I see you went to Tech... I was there from 94-95.


----------



## Guns Up (Jul 23, 2007)

Not to steal this thread, but yes, I'm a Red Raider from '84. Good news/comment on the motors. Looking to stay with the 250's rather than the 2-stroke 300 HDPI's. Guns Up for this coming weekend; trying to work things out so we can head to Lubbock for the game.


----------



## Outcast (May 20, 2004)

Dang....I didn't know there was still a "reel screamer" around 



Mark Nagel said:


> Just add fish....


----------



## bigkahuna (Aug 27, 2005)

*For Sale*

heres mine, should be in your driveway


----------



## Fishndagulf7 (Aug 16, 2007)

Wreck em' Tech! Aggies have their hands full this weekend!!! I graduated December 2006


----------



## hdc77494 (Aug 28, 2007)

*My rig*

I've had this about two months, and haven't been offshore yet. Hopefully the wind will calm down now that I've got the steering fixed.


----------



## Brady Bunch (Jul 12, 2004)

Or maybe Bernards 


bigkahuna said:


> heres mine, should be in your driveway


----------



## bluewateraggie01 (Feb 21, 2005)

*Team Deja Blu *33 Hydrasport - Trip 4 Strokes


----------



## Batboy0068 (Oct 10, 2006)

bigkahuna said:


> heres mine, should be in your driveway


 that is a nice set up


----------



## Freshwaterman (May 21, 2004)

Fishndagulf7 said:


> Wreck em' Tech! Aggies have their hands full this weekend!!! I graduated December 2006


 Some guys got these shirts made and started selling them on campus last week for the game this weekend.file:///Users/carterdrummond/Pictures/n6143408495_2639.jpg


----------



## Guns Up (Jul 23, 2007)

Yeah, I saw today that Tech officials banned the sale of the shirts and said they did not endorse/approve the shirts in any way. May be a little to fresh of a subject to use for profit (a student designed/marketed/selling shirts). We better get back to the subject matter of the original thread. Some really nice rides stashed along the coast!


----------



## crawfishking (Apr 23, 2007)

I think those shirts display the great class that tech is known for.


----------



## Guns Up (Jul 23, 2007)

Please pay attention. I will assume from your statement that you are not a graduate of Texas Tech University and your first hand knowledge of the character of the administration, current students, and the tens of thousands of alumni, is null. Therefore, by definition, your statement is made out of ignorance. The University did not in anyway, shape or form condone the selling of the t-shirt. "We will not permit individual students or any student organization to profit from selling merchandise on campus that is derogatory, inflammatory, insensitive, or in such bad taste that it reflects negatively on this fine institution, its students, athletic teams, alumni or faculty," school president Jon Whitmore said in a statement released yesterday. Geoffrey Candia, the creator of the shirts, told The Associated Press he and his Theta Chi fraternity were taking full responsibility and would sell no more of the shirts. The school also suspended the fraternity and plans to bring charges against it under the university's code of student conduct.

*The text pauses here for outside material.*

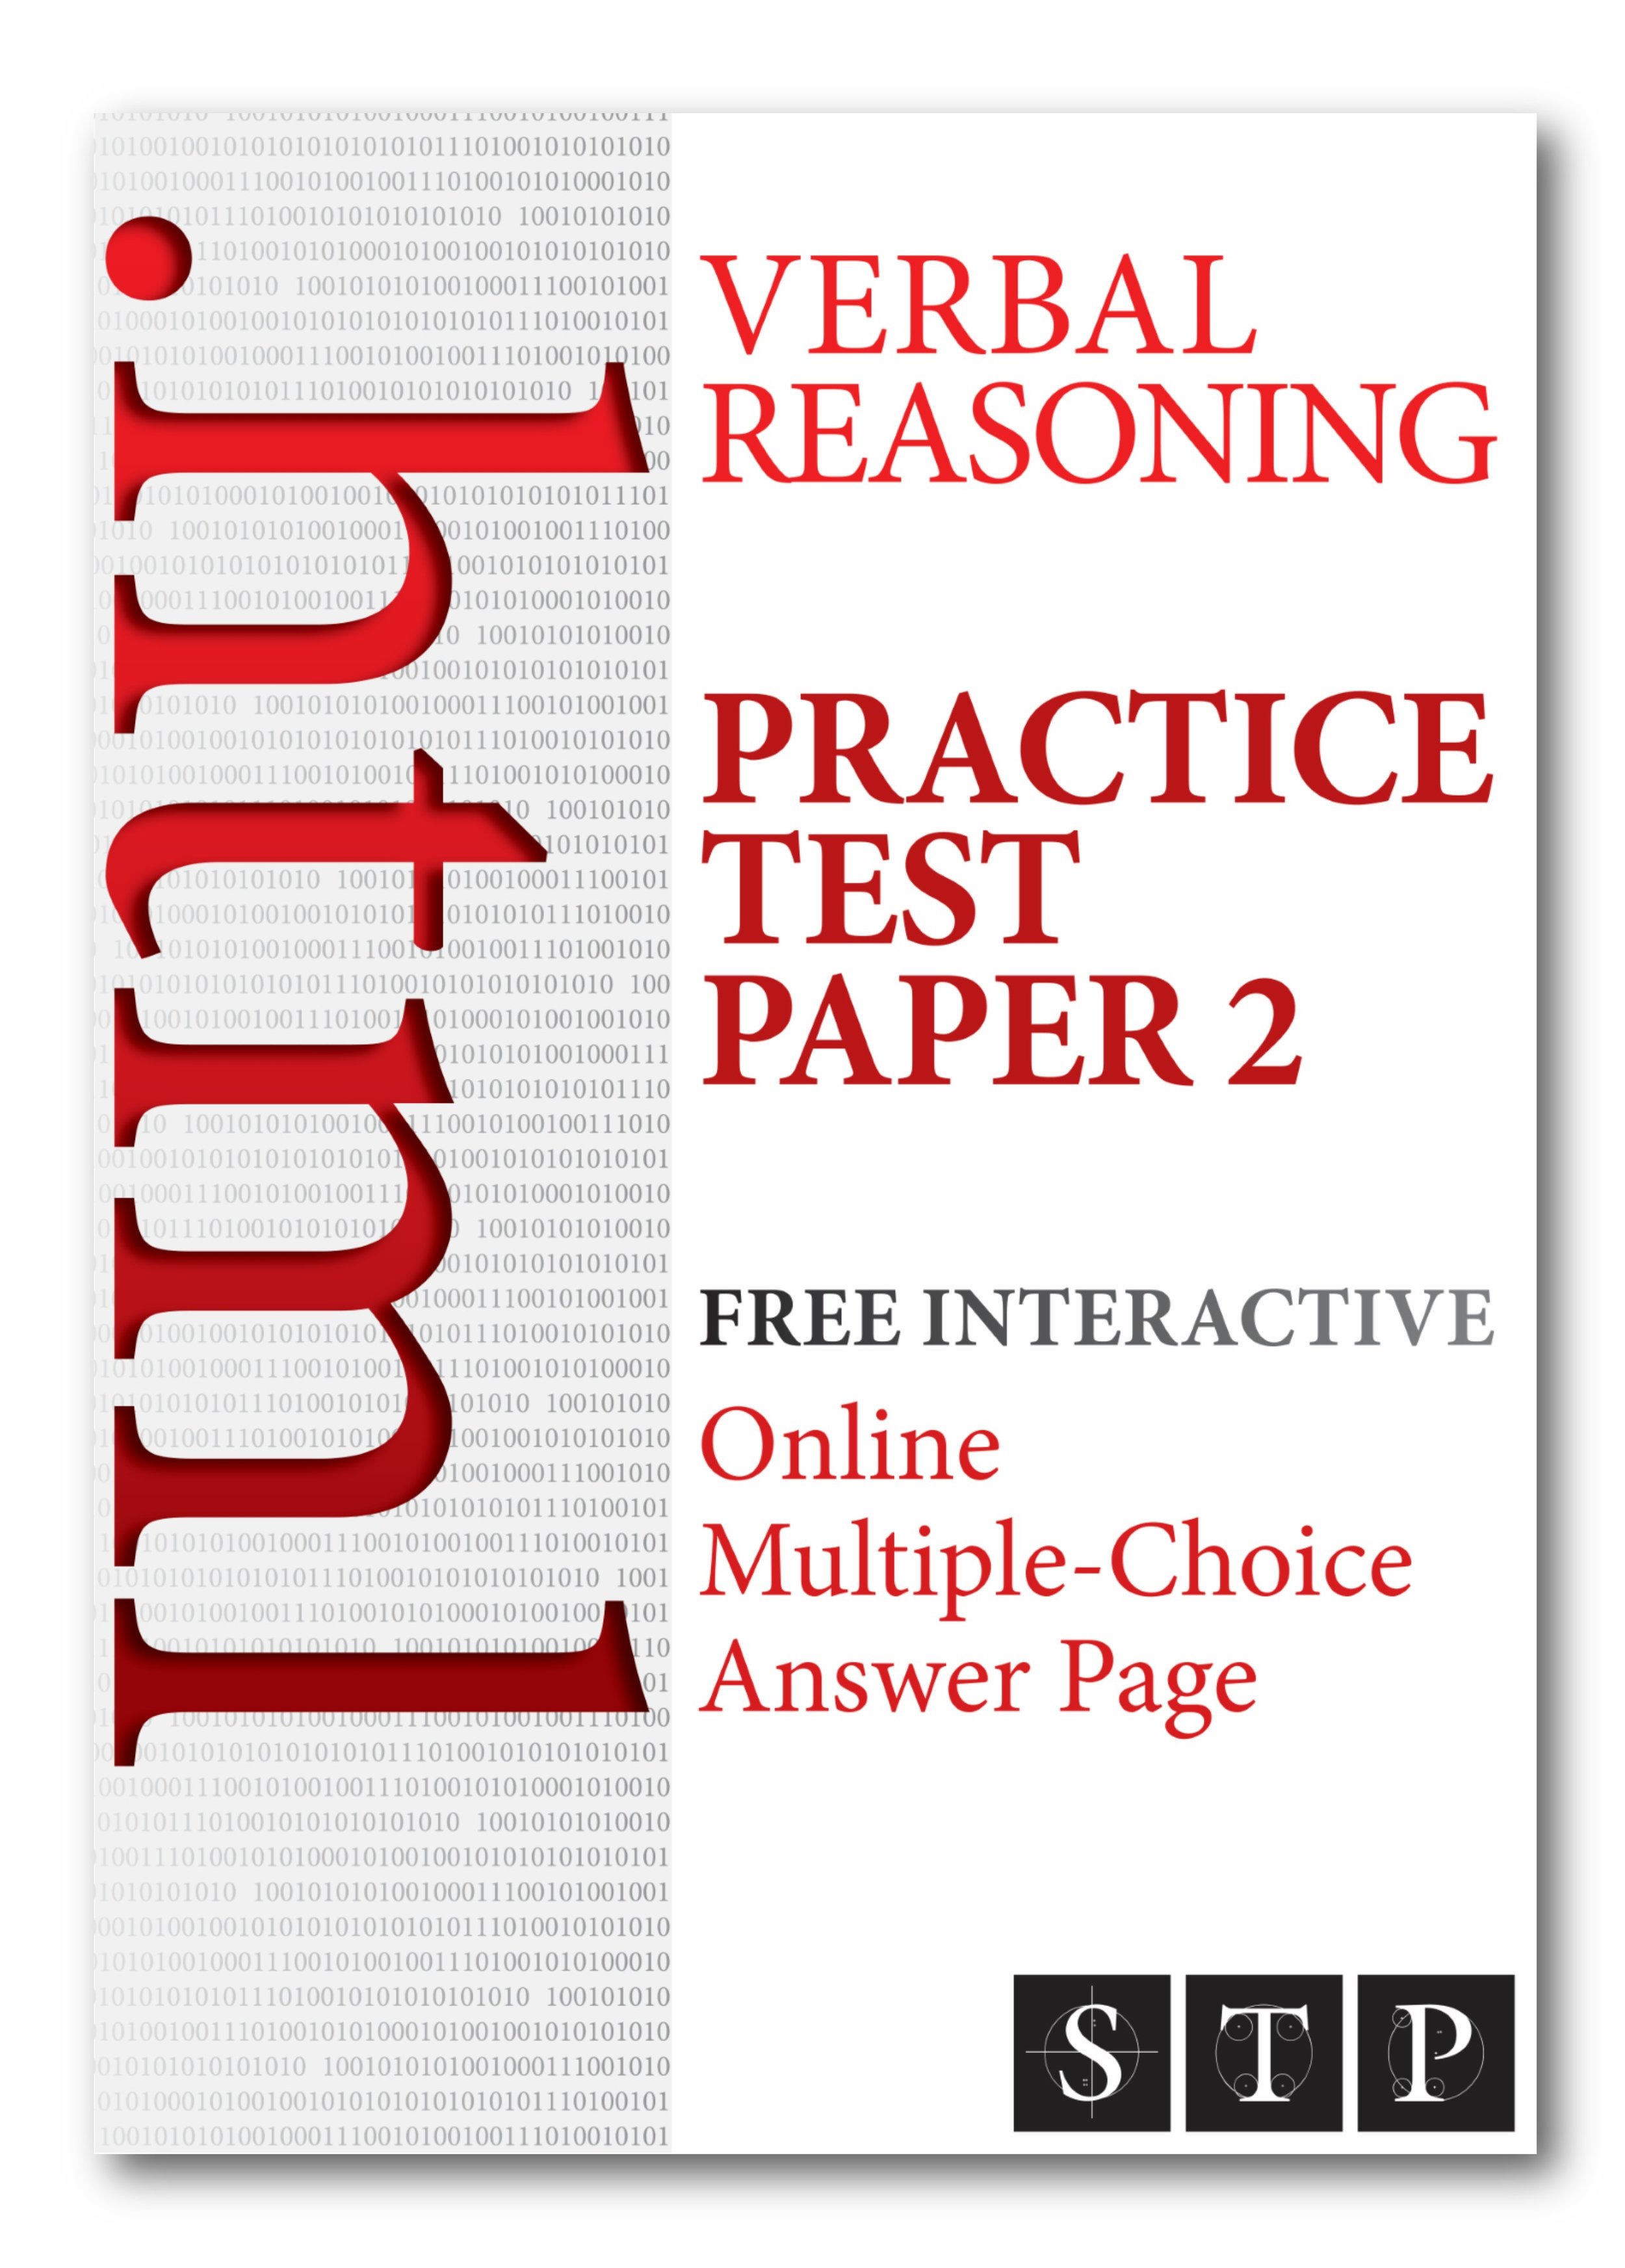 OAP 11+ Verbal Reasoning Practice Test 2 (InDesign).jpg

The t-shirt was meant to bring attention to this weekend's football game with Texas A&M University. It is appropriate then to present the following as an example of the attitude of the majority of those affiliated with Texas Tech:

*RAIDER POWER is*; *Honor. Respect. Pride. Tradition.*

Raider Power is *honoring* Texas Tech as an institution and honoring the game and the opponents during every competitive event. 
Raider Power is *respect* for what and who Texas Tech represents and respect for the school and team against whom we are competing. 
Raider Power is the *pride* of being a part of the Red and Black of Texas Tech.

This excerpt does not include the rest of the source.